Сначала сдружились наши мамы, а потом уже и мы. Вообще-то наша дружба могла погибнуть в зародыше: при первой встрече Майк — или, как его тогда называли, Майки, — оторвал ручку у моего любимого ведёрка с цыплёнком Цыпой. Я за это кинула в него найденной неподалёку засохшей собачьей какашкой.
Мы вместе ходили в детский сад, потом в школу. Нас дразнили женихом и невестой, потому что ни я, ни Майк не давали друг друга в обиду. Он хвостиком бегал за мной, опекая, чем иногда порядком раздражал. Из-за этого мы ссорились и, бывало, неделями не разговаривали. Но долго дуться ни он, ни я не могли, и всё возвращалось на круги своя. Позже к нам присоединилась Ким.

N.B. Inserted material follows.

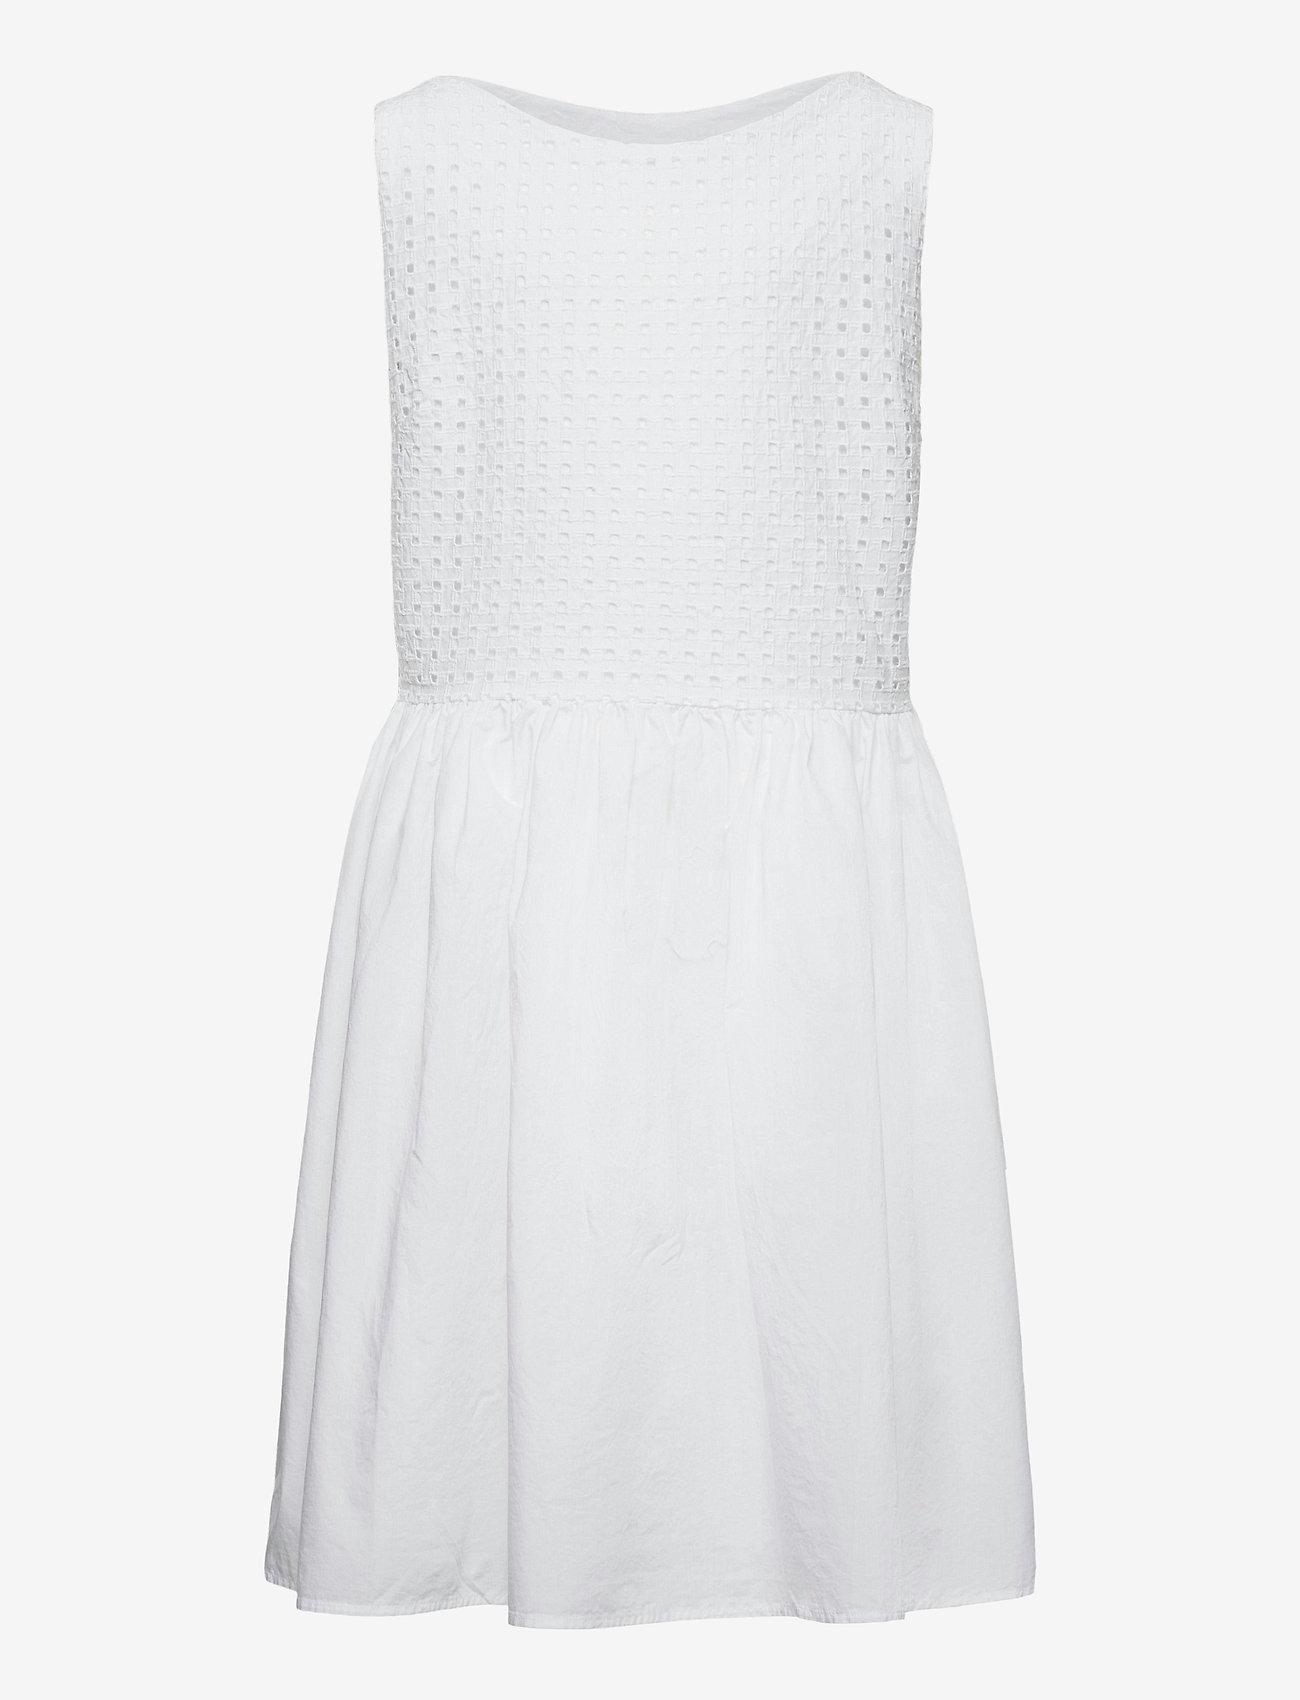 GANT - TG. BROIDERIE ANGLAISE DRESS - robes - white - 0

Кимберли Хейз — двоюродная сестра Майкла. Её семья переехала в Лонгвью из Олимпии, когда Ким было шесть. Маленькая, застенчивая девочка с чёрными, как смоль волосами, подстриженными под горшок, и без четырёх передних зубов, мне сразу понравилась. Мы вместе гоняли на велосипедах, строили штабы на деревьях и обстреливали шишками из-за кустов проезжающие мимо машины. Нам было здорово вместе. Лучшей жизни тогда я себе и представить не могла.
Она закончилась, когда мама с папой решили развестись.
Мне было десять, и родители пытались сделать всё возможное, чтобы развод «не очень отразился на психике ребёнка».
Честно говоря, меня и сейчас удивляет, как они смогли так долго продержаться вместе. Казалось, у них не могло быть ничего общего: спокойный, где-то даже флегматичный папа, Генри, шеф городской полиции, и Хлоя, моя славная, бесшабашная мама, каждую неделю менявшая увлечения и ежемесячно — цвет волос. Наверное, это и есть наглядное подтверждение тому, что люди говорят о противоположностях. Но и у их притяжения был свой срок годности.
Мама забрала меня с собой в Даллас, где жила её родня. Я страшно не хотела уезжать, закатывала истерики и требовала оставить меня в Лонгвью с отцом. Но тогда папа повёл себя очень мудро. Как-то вечером он зашёл в мою комнату и, сев на кровать, взял за руку:
— Я понимаю, солнышко, как тебе тяжело. Пойми, маме сейчас не легче. Она очень переживает из-за всего этого, но так будет лучше для всех. Я хочу попросить тебя приглядеть за ней. Ты же знаешь, какая она у нас. Одна она там не справится…
Папа замолчал на полуслове и отвернулся от меня к окну.
— А как же ты? — шёпотом спросила я.
— А что я? — Папа прочистил горло и продолжил с наигранным энтузиазмом: — Со мной всё будет в порядке. У меня есть работа, очень важная работа, ты же знаешь. — Он сделал ударение на слове «важная». — Потом Марти Вуд попросил подсобить ему с новым лодочным сараем. Эндрю Хейз пообещал, что летом мы обязательно сходим в горы поохотиться на лосей. А рыбалка, Ливи?! — Тут уж энергии папе было не занимать. — Подумай сама, какая в Далласе может быть рыбалка? Да и за домом кому-то надо присматривать…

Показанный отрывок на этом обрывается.